Thus, we can rewrite Equation (\(\ref{eq:integral_over_theta}\)) as

\begin{equation} \frac{a b}{2} \int \left( \cos (2 \theta) + 1 \right)\ d\theta. \end{equation}

All right! This we can integrate!

Expanding the brackets (so that we can concentrate on individual terms) gives

\begin{equation} \frac{a b}{2} \int \cos (2 \theta)\ d\theta + \frac{a b}{2} \int \ d\theta. \label{eq:simplified_integral_over_theta} \end{equation}

The first term’s a bit odd because we’ve got \(2 \theta\) within the cosine, however if we consider that \(\sin \theta\) differentiates to \(\cos \theta\) and we remember the chain rule for differentiation, we can see that

\begin{equation} \frac{d}{d \theta} \frac{1}{2} \sin (2\theta) = \frac{1}{2} \cdot 2 \cdot \cos (2\theta) = \cos (2\theta). \end{equation}

This result implies that

\begin{equation} \int \cos(2\theta) = \frac{1}{2} \sin(2\theta). \label{eq:integral_cos_2_theta} \end{equation}

Therefore, we can find the integral for this term in Equation (\(\ref{eq:simplified_integral_over_theta}\)), which is

\[\begin{align} \frac{a b}{2} \int \cos (2 \theta)\ d\theta &+ \frac{a b}{2} \int \ d\theta\\ = \frac{a b}{4} \sin (2\theta) &+ \frac{a b}{2} \theta + c, \end{align}\]

where \(c\) is the integration constant because we’ve not yet used the integration limits from Equation (\(\ref{eq:integral_over_x}\)).

That \(\sin (2\theta)\) term looks like it could cause problems and I’d like to write everything only in terms of \(\theta\), so let’s use another trigonometric identity. Yay!

For instance, we know that

\begin{equation} \sin (2\theta) = 2 \sin\theta \cos\theta. \end{equation}

This implies that we can rewrite our integration result as

\[\begin{align} \frac{a b}{4} \cdot 2 \sin\theta \cos\theta &+ \frac{a b}{2} \theta + c\\ = \frac{a b}{2} \sin\theta \cos\theta &+ \frac{a b}{2} \theta + c, \end{align}\]

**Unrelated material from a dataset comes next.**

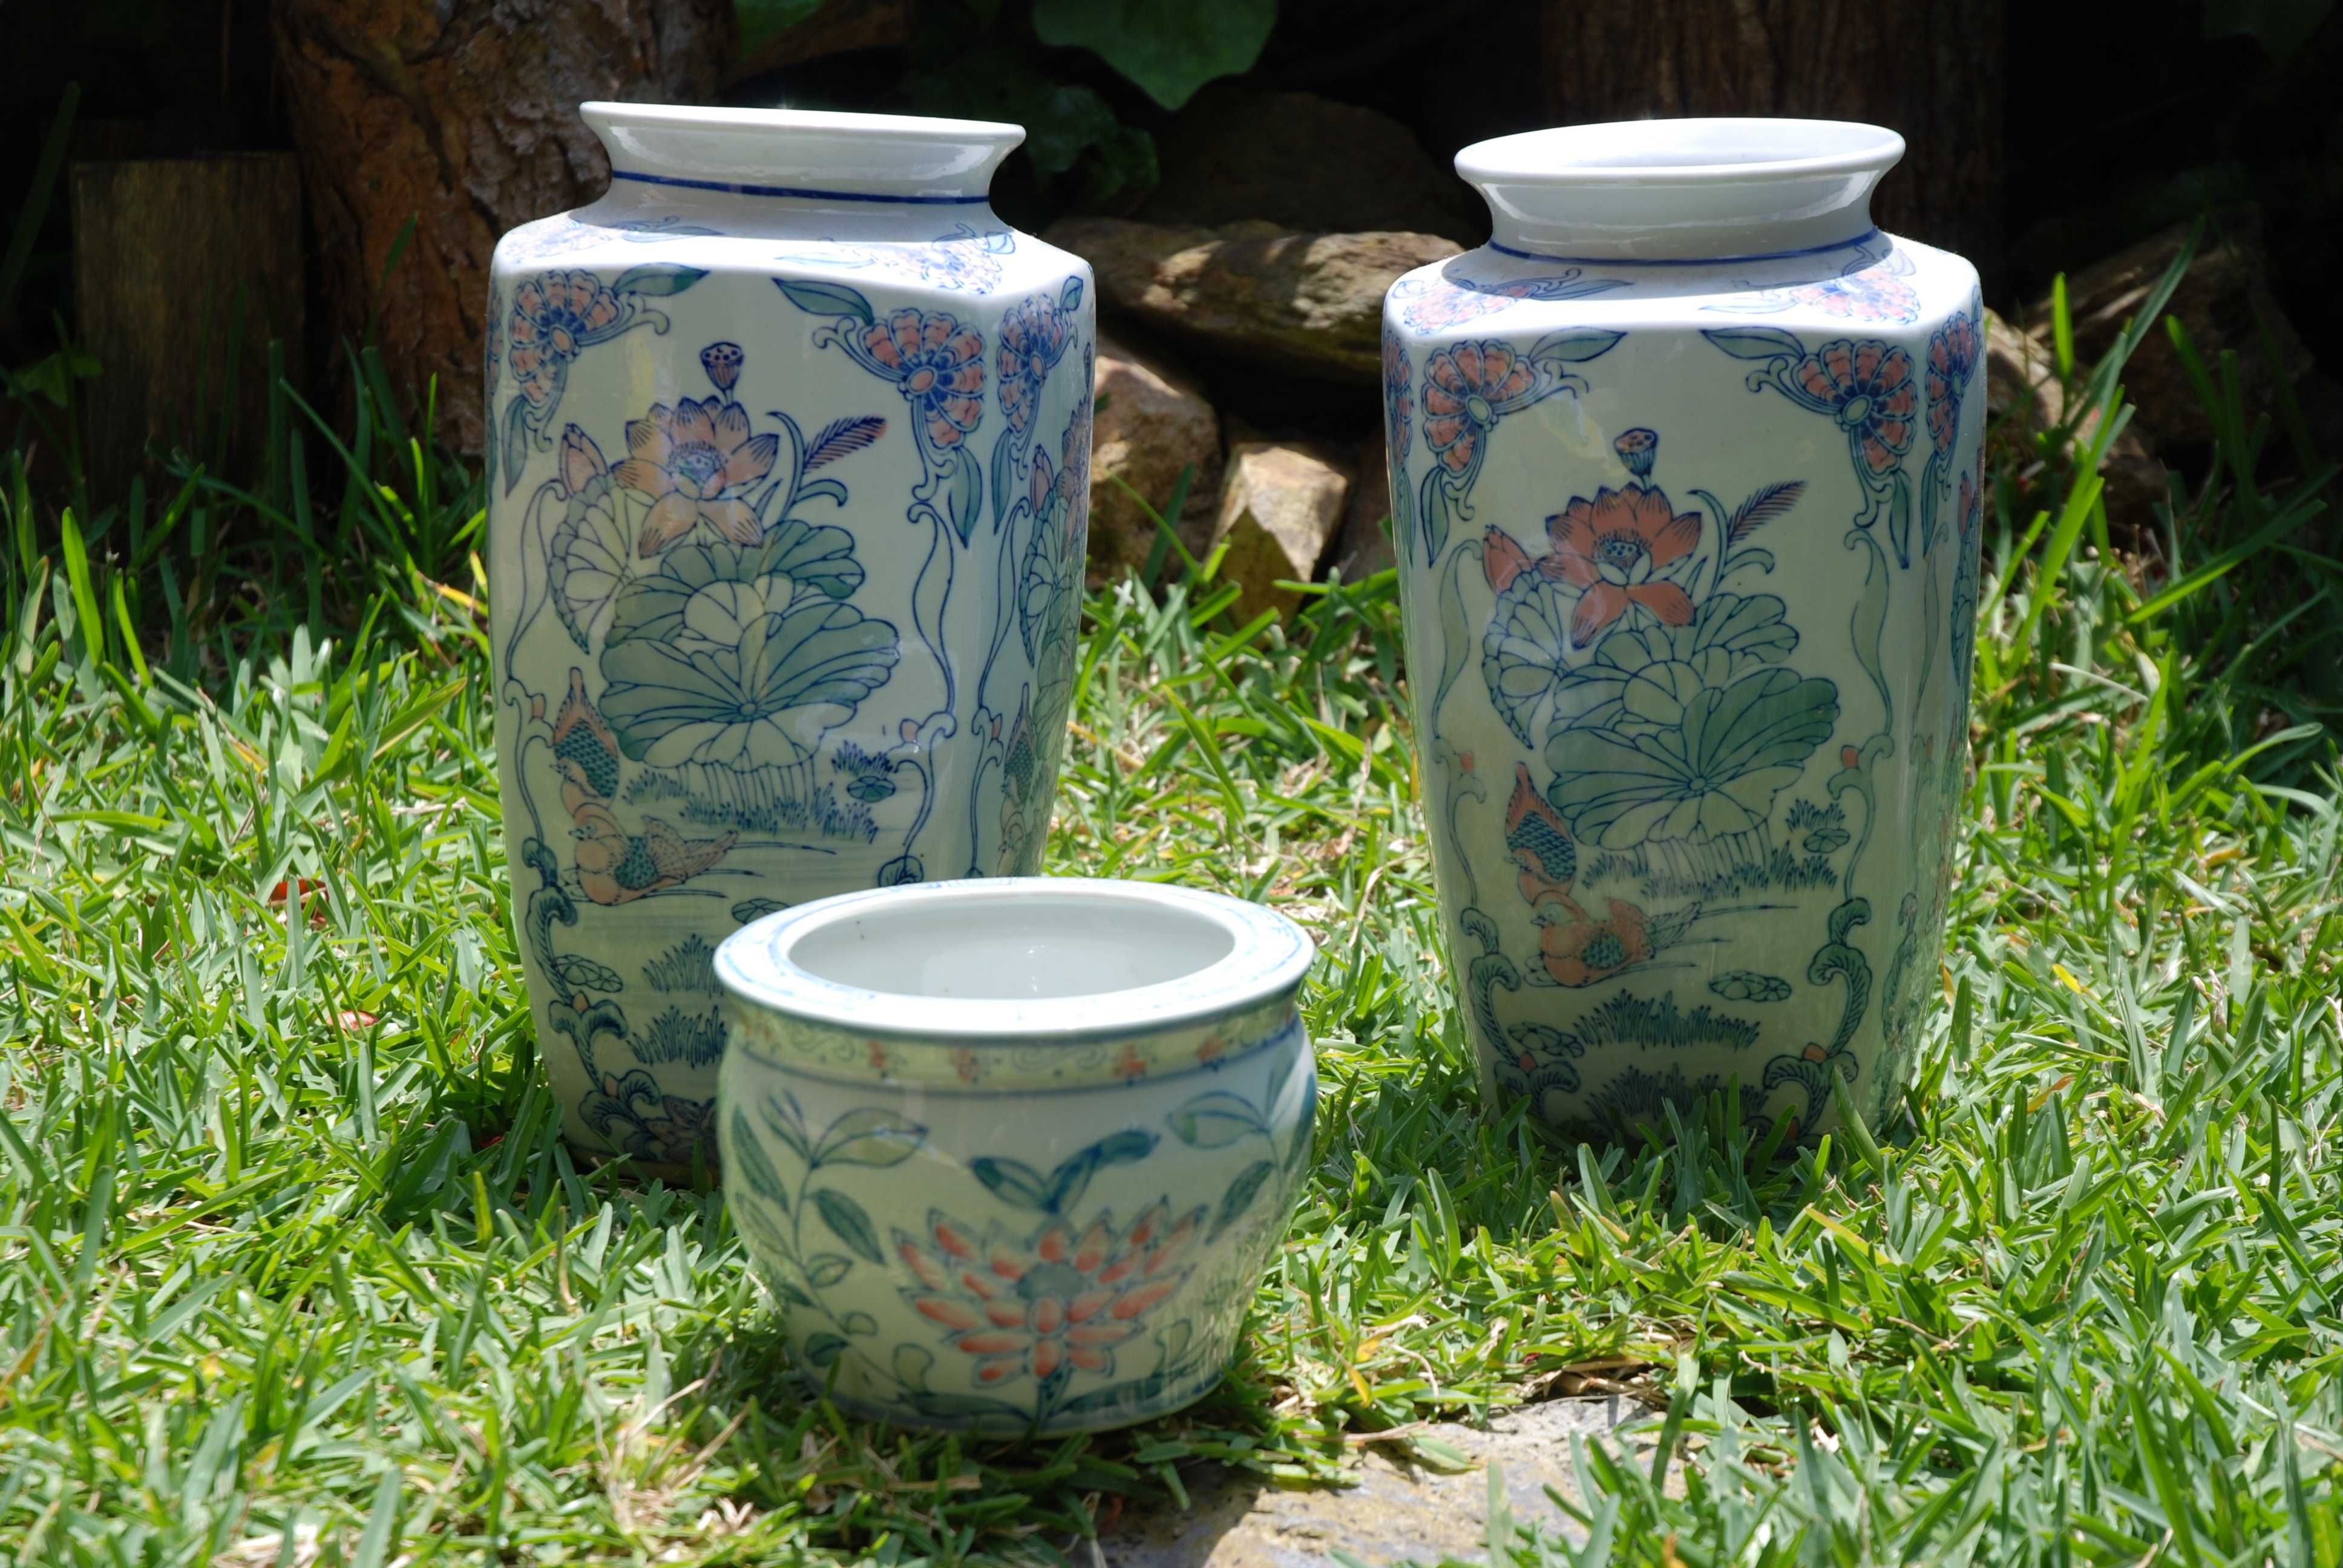 Par de jarrões e cachepot porcelana de Macau
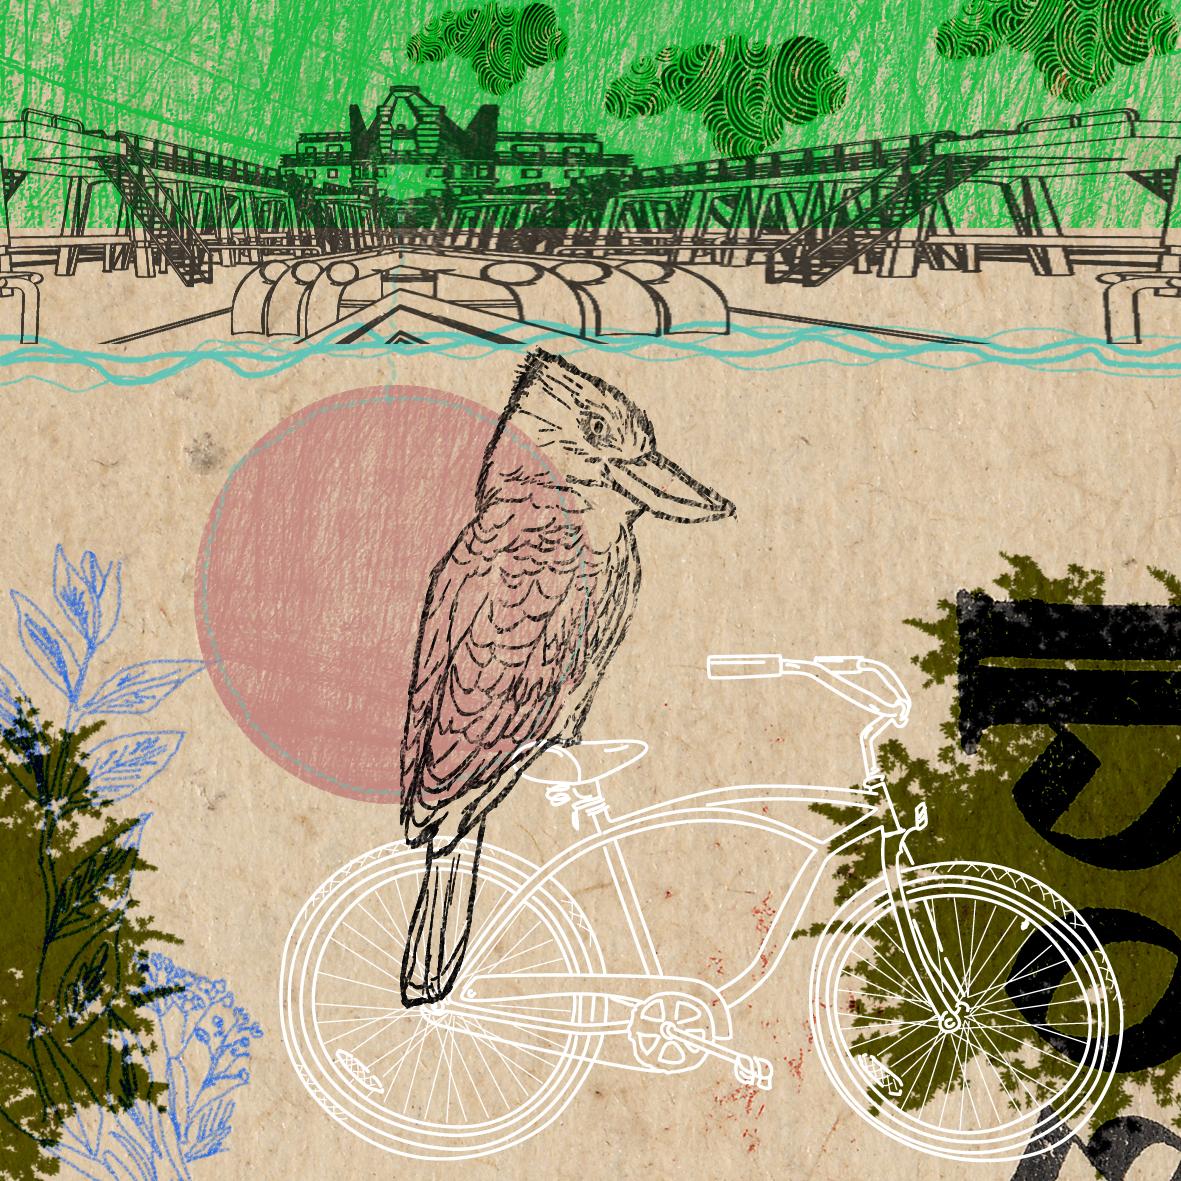 Vogel-fährt-Rad-10x10

which doesn’t use any multiples of \(\theta\) within sines or cosines. This not only looks nicer but also should be a bit easier to work with.

Inserting the integration limits from Equation (\(\ref{eq:integral_over_x}\)), we have:

\begin{equation} \left. \frac{a b}{2} \sin\theta \cos\theta \right|_0^w + \left. \frac{a b}{2} \theta \right|_0^w. \label{eq:definite_integral_over_theta} %__ \end{equation}

Hrm, we’ve got a problem. The variable \(w\) is in our original parameter space (i.e. in terms of \(x\)) and isn’t easy to express within the current parameter space (the one in terms of \(\theta\)). Thus, we have to map our variables back into the original parameter space to complete the integral.

We can map our integration result back into the original parameter space by recalling the equations relating \(x\) and \(\theta\) to one another:

\[\begin{align} \sin \theta &= \frac{x}{a}, \label{eq:sin_theta_x_relation}\\ \cos \theta &= \sqrt{1 - \frac{x^2}{a^2}}. \label{eq:cos_theta_x_relation} \end{align}\]

We can insert both of these relations into the first term in Equation (\(\ref{eq:definite_integral_over_theta}\)) directly. For the second term, we can solve for \(\theta\) in Equation (\(\ref{eq:sin_theta_x_relation}\)) by taking the inverse sine, like so:

\begin{equation} \theta = \sin^{-1} \left(\frac{x}{a}\right). \end{equation}

Thus, Equation (\(\ref{eq:definite_integral_over_theta}\)) becomes

\begin{equation} \left. \frac{a b}{2} \frac{x}{a} \sqrt{1 - \frac{x^2}{a^2}} \right|_0^w + \left. \frac{a b}{2} \sin^{-1} \left(\frac{x}{a}\right) \right|_0^w. \label{eq:definite_integral_over_x} %__ \end{equation}

Now we have the same parameter space for all variables and now we can evaluate the integral for the given integration limits, which is

\[\begin{align*} &\frac{a b}{2} \frac{w}{a} \sqrt{1 - \frac{w^2}{a^2}}\\ &- \Biggl[\frac{a b}{2} \frac{0}{a} \sqrt{1 - \frac{0^2}{a^2}} \Biggr]\\ &+ \frac{a b}{2} \sin^{-1} \biggl(\frac{w}{a}\biggr)\\ &- \Biggl[ \frac{a b}{2} \sin^{-1} \biggl(\frac{0}{a}\biggr) \Biggr]. \end{align*}\]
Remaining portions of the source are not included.